The European Commission has released its Artificial Intelligence Act, “the first ever legal framework on AI, which addresses the risks of AI and positions Europe to play a leading role globally.” The proposal covers software powered by anything from machine learning to more classical statistical and expert system approaches, and applies rules depending on how risky it deems them. Unacceptable-risk applications like broad, real-time facial recognition or automated social credit systems are completely forbidden; but high-risk applications like emotion detection or biometric categorization systems only require the person being analyzed to be notified it’s happening. As noted on Twitter by Dr. Kate Crawford and in Andrew Ng’s DeepLearning.AI newsletter, there are certainly flaws in the proposal — on the one hand it could hinder innovation, on the other there are loopholes — but it could have a similar effect to GDPR in “drawing a line in the sand” and inspiring other big economies’ regulators to create similar legislation. Creating such hand-holds for what AI applications we accept and don’t accept as a society, is a very good thing in my book.

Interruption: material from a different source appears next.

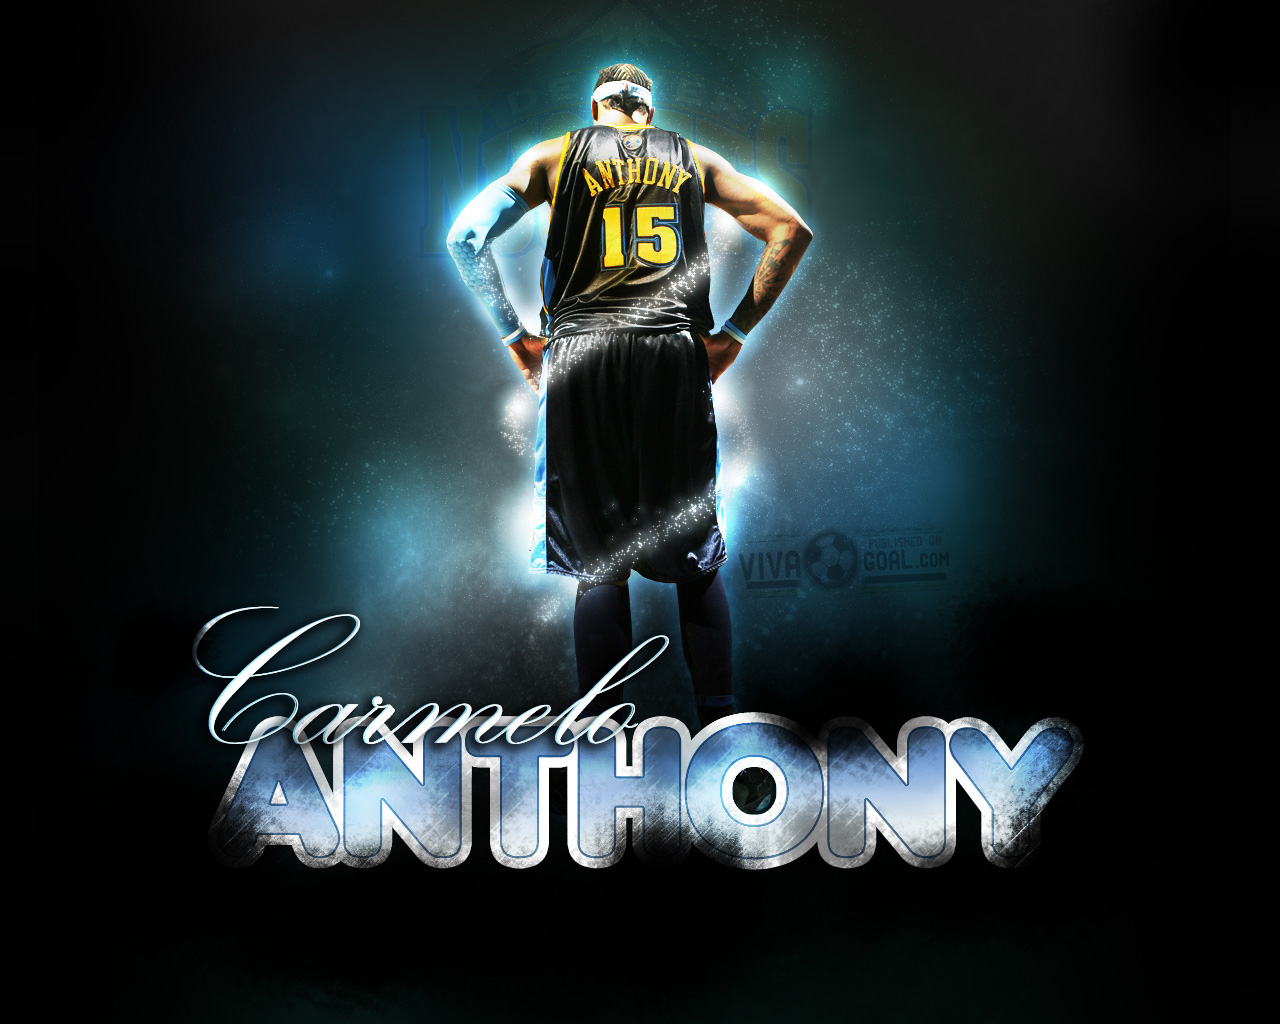 carmelo anthony alternate jersey  Carmelo anthony, Anthony, Carmelo anthony  wallpaper

Last September, I wrote that autonomous trucks will be the first big self-driving market. A detailed new report by Deloitte’s Rasheq Zarif now came to the same conclusion: Autonomous trucks lead the way. “Driverless trucks are already heading out to the highway, as shipping companies increasingly look to autonomous technology to meet rising demand for goods. The focus now: determining the best way to hand off trailers from machine to human.” In related news, self-driving car company Waymo, which has been developing autonomous heavy-duty trucks since 2017, invited a few journalists along for a (virtual) test ride. Exciting few years ahead here.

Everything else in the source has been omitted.